What a Stylish Front End – Photo Taken in Italy

Over the next five months, they fabricated a whole new front end look and customized the back end, but left the sides pretty much stock. A wrap-around windshield replaced the fold down windscreen and a removable hardtop was created for the car. Mechanicals were unchanged. It was returned to David in May, 1956. When he left the USAF later that year, he drove it to London and then shipped it back to the USA (northern New Jersey).

Photo Taken in Italy

Photo Taken in Italy

Photo Taken in Italy

Photo Taken in Italy

He drove it around town for a while and his father also enjoyed driving it. David sold it in March 1957 and never saw it again.  We just celebrated Uncle David’s 90th birthday and I told him that there was a way to see if anyone knows of the car today. It would be wonderful to know that the car still exists and maybe he could see it again.

Rick Kamen

Photos Below Are From When The Car Was In New Jersey


Summary:

Great thanks to Rick Kamen for sending this in and let’s see what we find as people read this story and perhaps remember the car. I’ve found cars that were missing many years longer than 1957 and I believe that as long as the car was never in another accident or damaged by fire, it lurks in someone’s garage like the Allied coupe I found many years ago in the link below:

Click Here To Read About An Allied Cisitalia Coupe “Find” Stored Away Since the 1950s

Rick is also the Willys Aero champion to help save and document this model car.  Click on the link below to learn more about Rick’s passion for these cars and how you can participate:

Click Here To View Rick Kamen’s Willys Aero Website

Hope you enjoyed the story, and remember…
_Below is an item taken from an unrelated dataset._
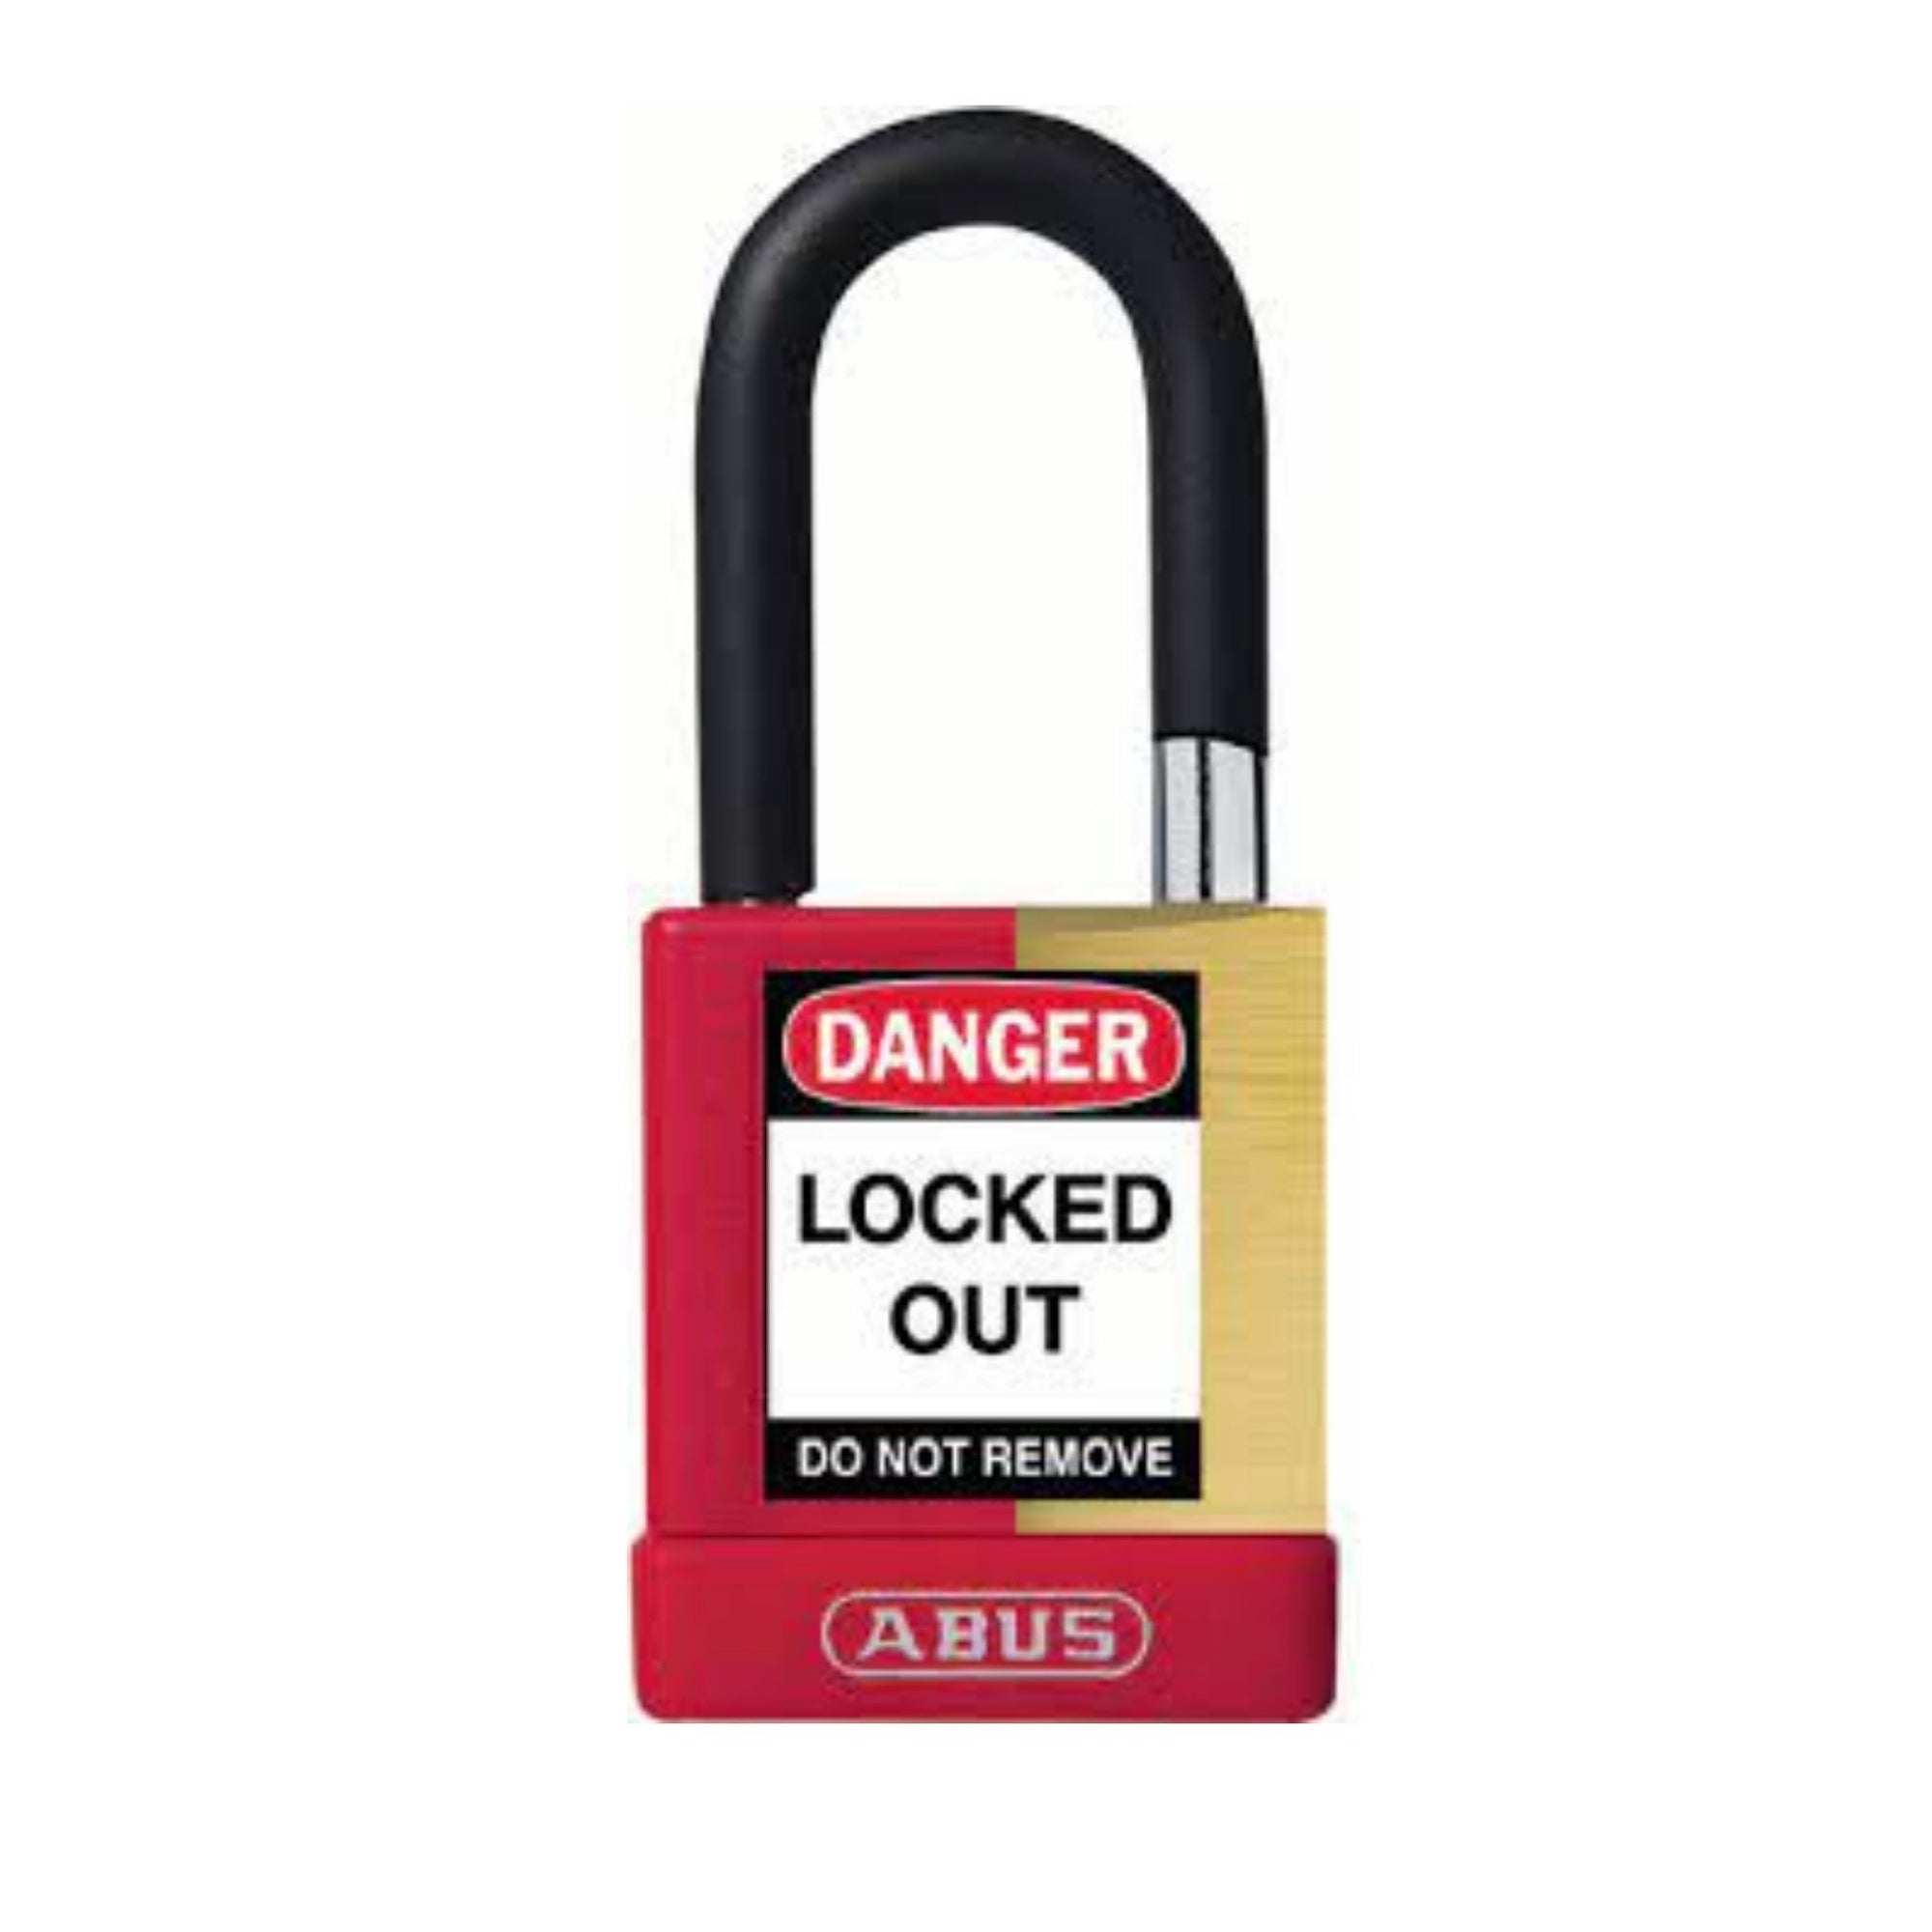 Abus 74M/40 MK Red Insulated Brass Safety Padlock with 1-1/2" Shackle - The Lock Source

The adventure continues here at Undiscovered Classics.

Geoff

UPDATE 5/9/20:

Rick sent in the image below of the back of one of the photos.   He shares, “It shows “Cattelan Brothers” (F.lli.  Is fratelli or brothers in Italian) in the city of Udine in northeast Italy.  Pronounced U  din a.  I (Rick) have no idea if it is still there.”


Comments

Lost Car: 1954 Italian Designed Austin Healey — 11 Comments

  1. The pictures from the front, rear and 3/4 views of the front and rear, are great, but the side on pics make it look like the front got jammed under a truck.

  2. You can see the bus builder was inspired by Pininfarina, which is understandable. Great work. Love the hardtop on it.
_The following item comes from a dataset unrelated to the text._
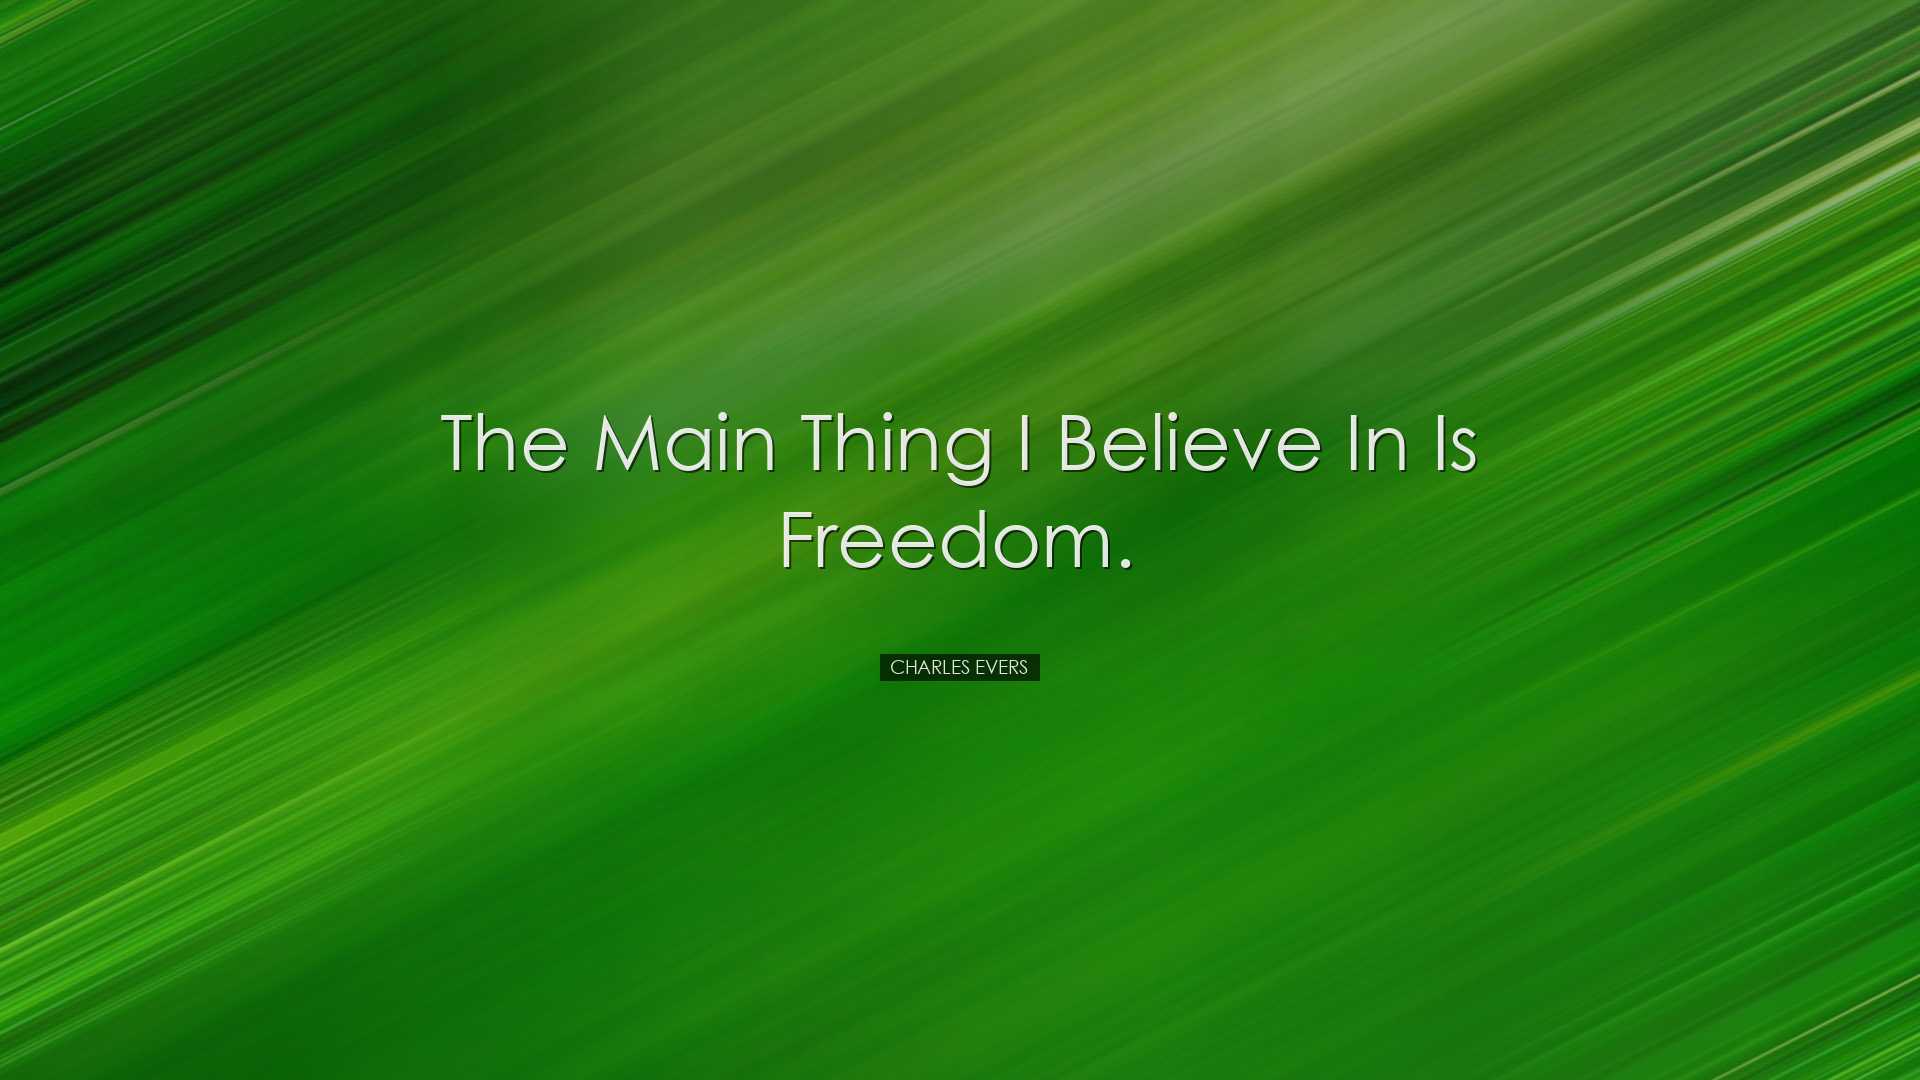 The main thing I believe in is freedom. - Charles Evers

  3. Contrary to what Rick Kamen stayed, there isn’t a single body panel that was untouched. The back and sides are completely different from a stock AH. It shows influences of Franco Scaglione at Bertone and also from Zagato. Not so much from Pininfarina

  4. I don’t know if this could help but There is no Ugine Italy as far as I can tell, but rather Udine a City northeast of Venice. The nearby “Vimar” Auto Museum in Bassano can probably tell you who in Udine would have built such a car. They have done exhibits on the local body builders which I have visited.

    I am curious what town in New Jersey is pictured in the photos, it looks like Jersey City or someplace semi urban.
    Randal Baron

  5. Correction – it IS Udine, not Ugine (pronounced ooh-DEE-nah). After talking to my uncle last night, we determined that the busmaker was in Osoppo, Udine, Italy. He believes the busmaker was named Fratelli Cattelan (Cattelan Brothers). They were involved somehow with DeSimon busbuilders, also in Udine. I hope this helps someone document this car. Thanx for the interest.

  6. It’s a beauty Geoff, thank you for sharing. I’ve often wondered why someone isn’t in the specialty manufacturing business, making, say, 400-500 units of something like this, also the Victress which is another lovely one, and of course the Atalanta
    (I hope I spelled it right) Location would be Midwest to safe on freight costs, debt would be 25% of gross profits and so on.
    Back to earth: Read your posts consistently, trying to find room for a Victress. Well done, keep up the good work.